From the listing that follows, output everything exactly except the pictures.

■ DATASET EXTRACT
────────────────
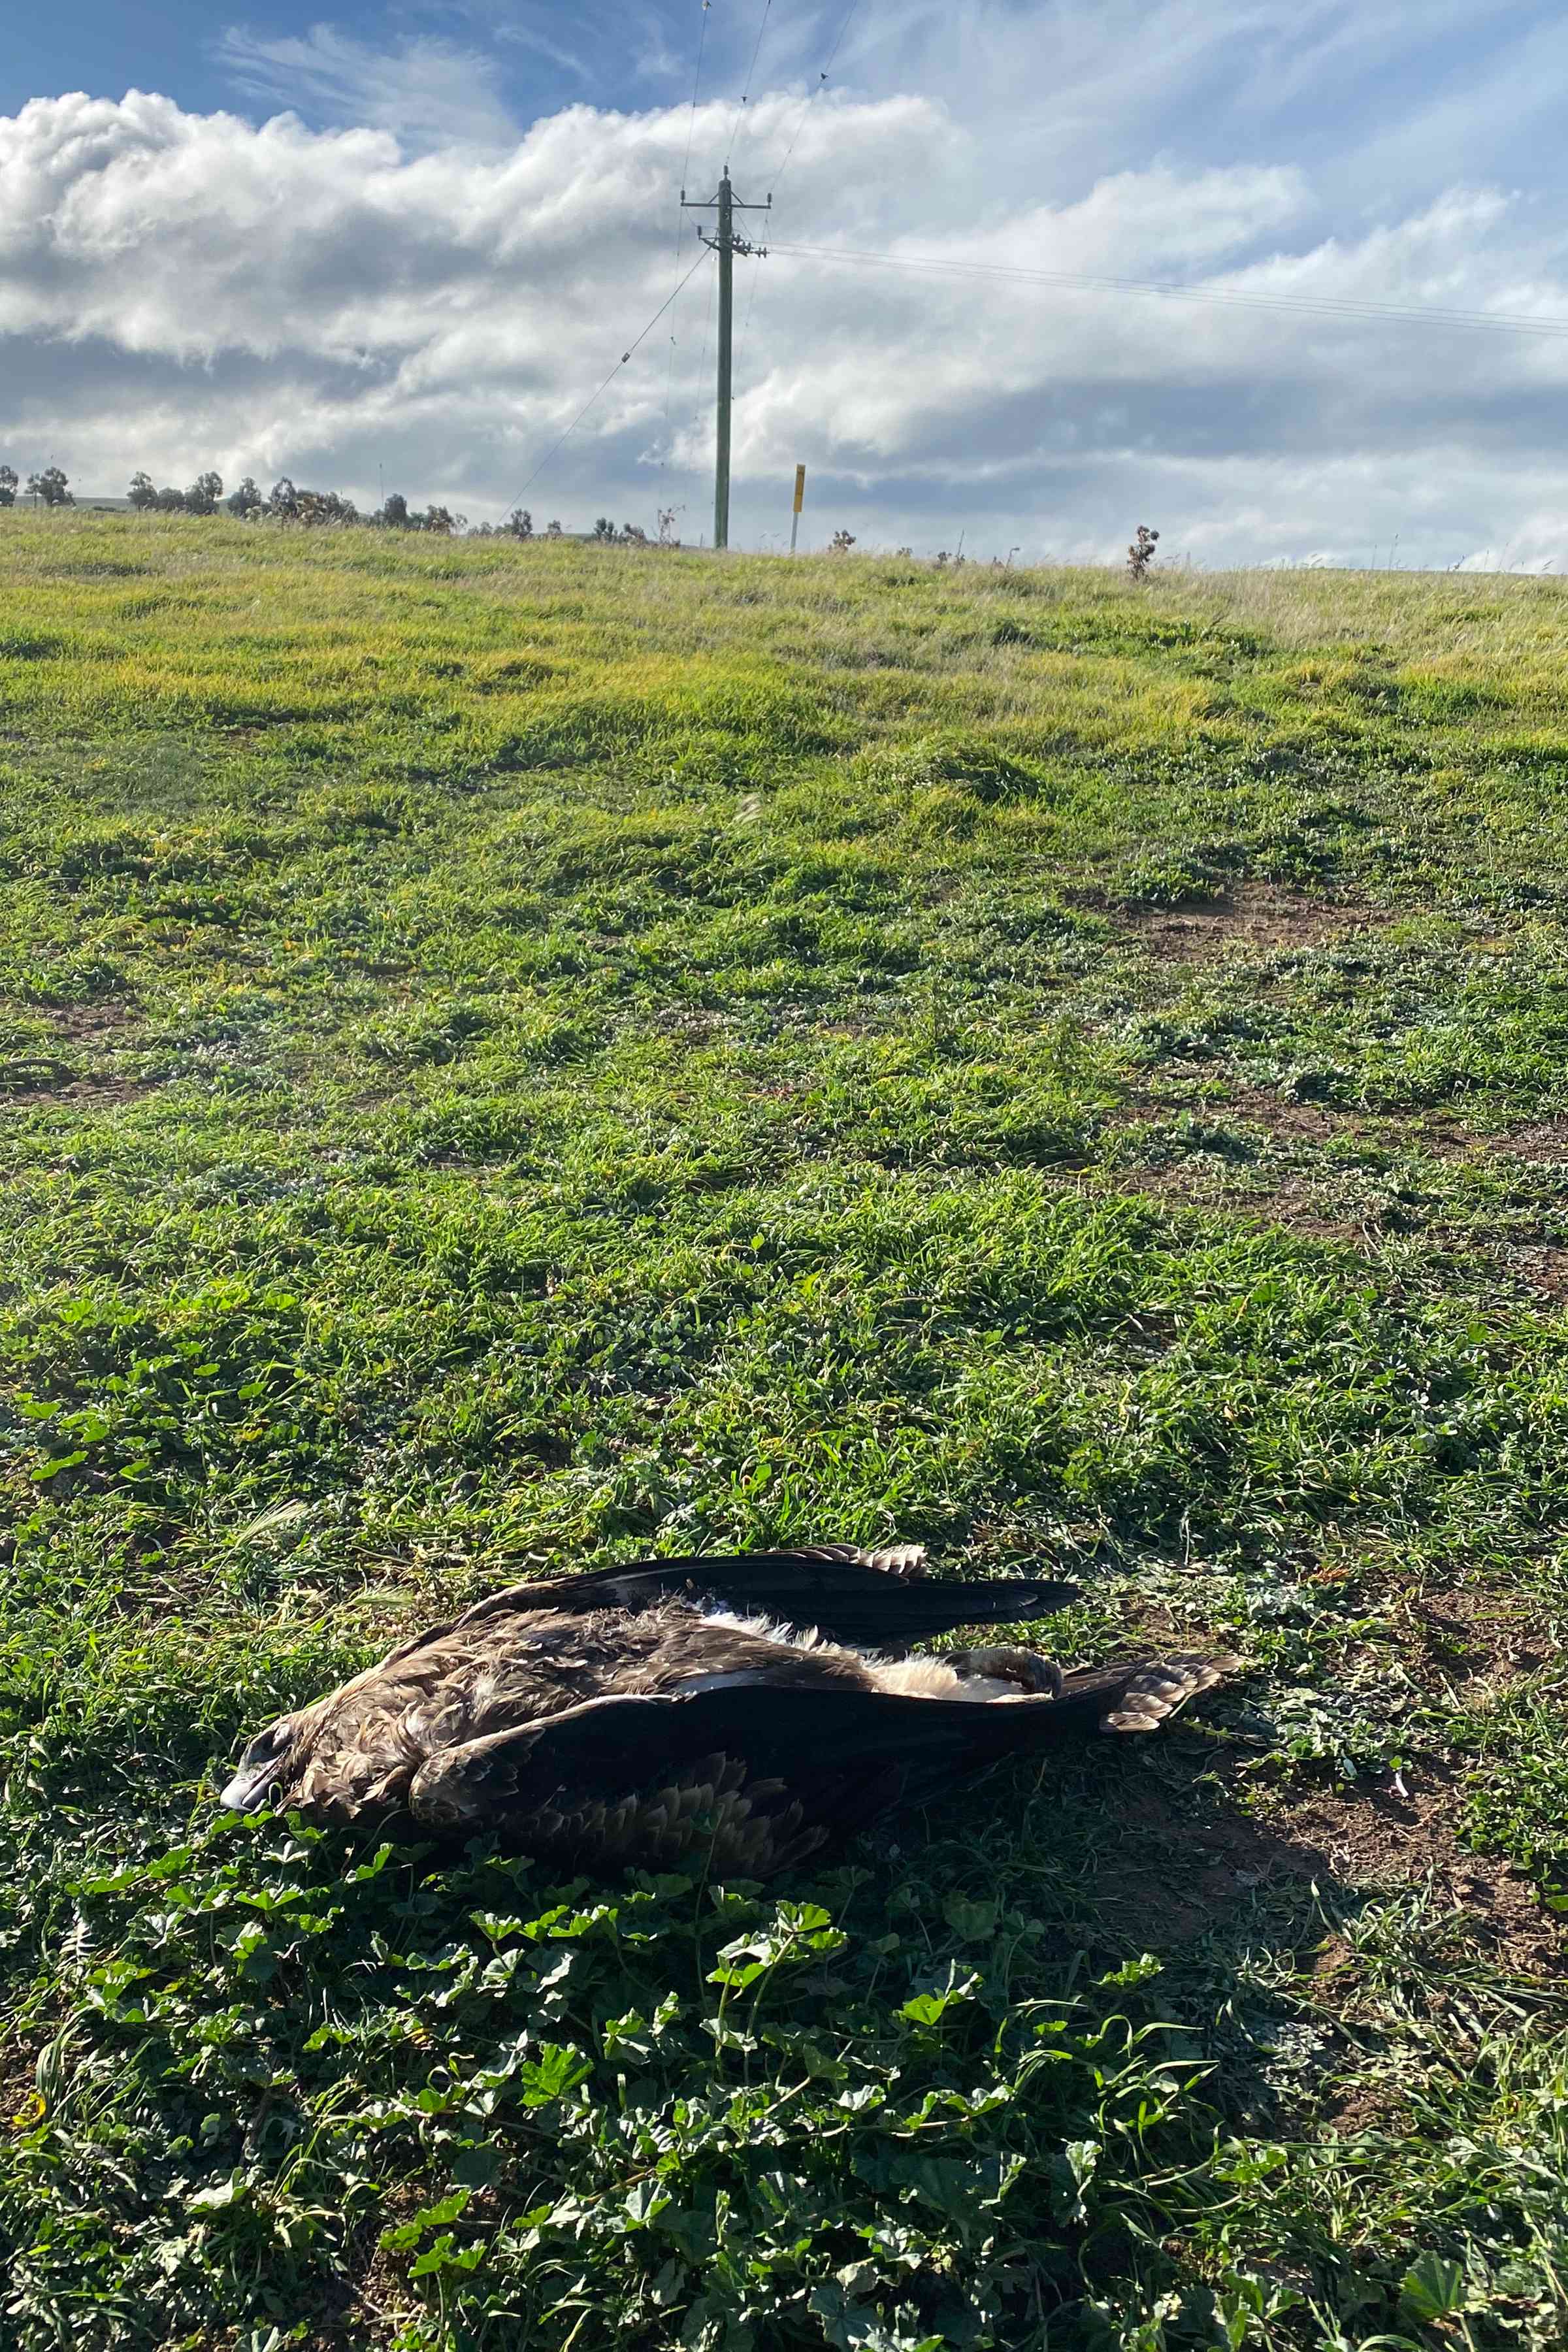 The carcass of an electrocuted eagle lies on lush paddock grass in front of a powerpole. Photo: Michael Dempsey.
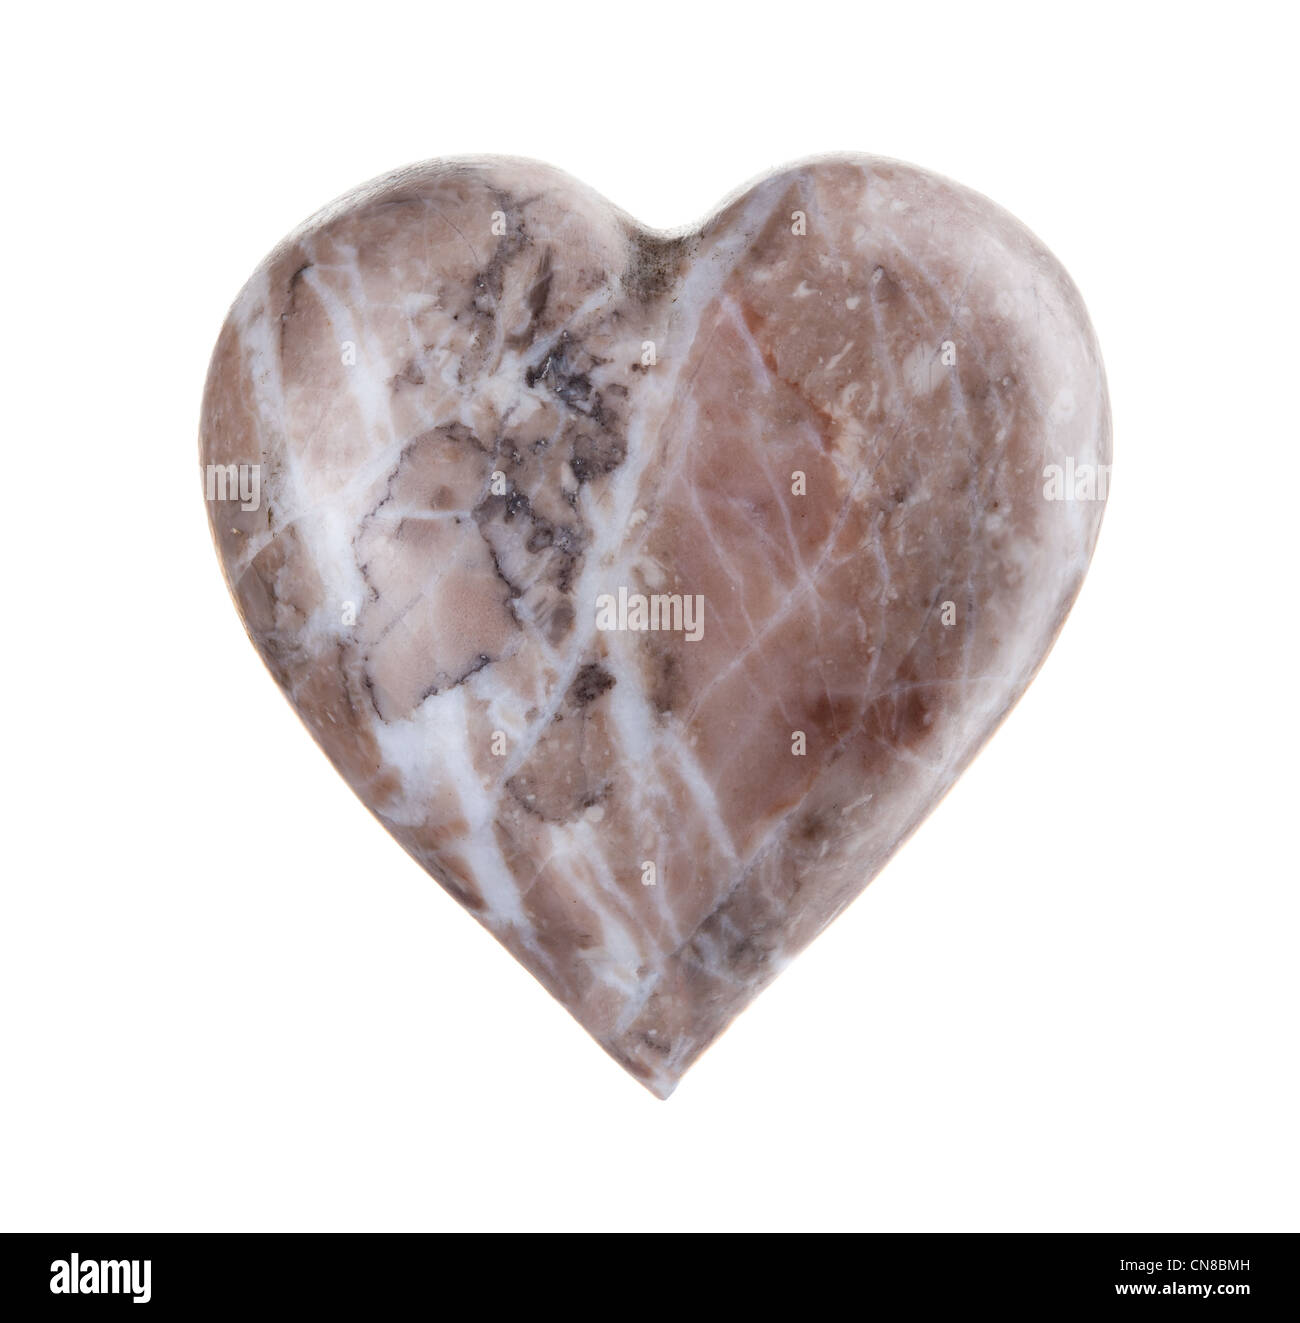 Heart shaped rock over a white background. Stock Photo
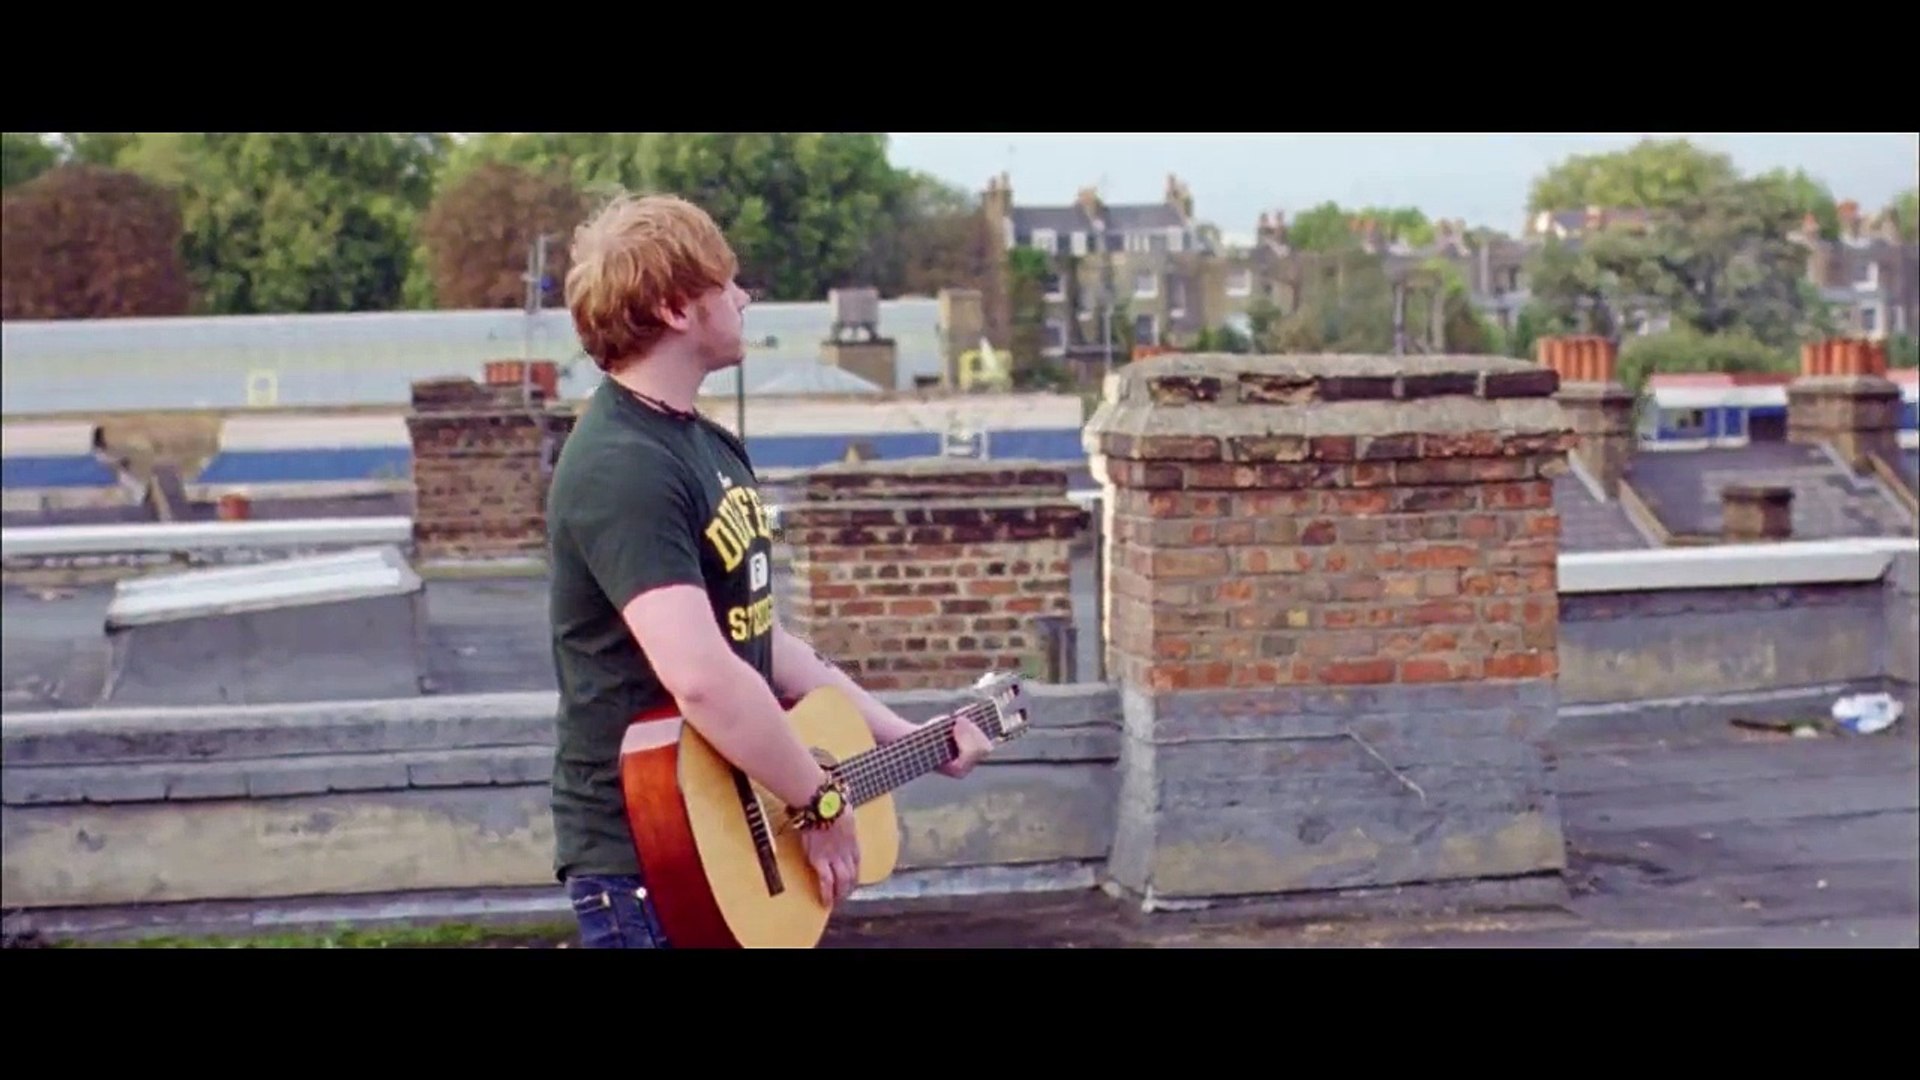 Ed Sheeran Lego House [Official Video] - Dailymotion Video
────────────────
■ ANSWER TO THIS TASK
 The carcass of an electrocuted eagle lies on lush paddock grass in front of a powerpole. Photo: Michael Dempsey.
 Heart shaped rock over a white background. Stock Photo
 Ed Sheeran Lego House [Official Video] - Dailymotion Video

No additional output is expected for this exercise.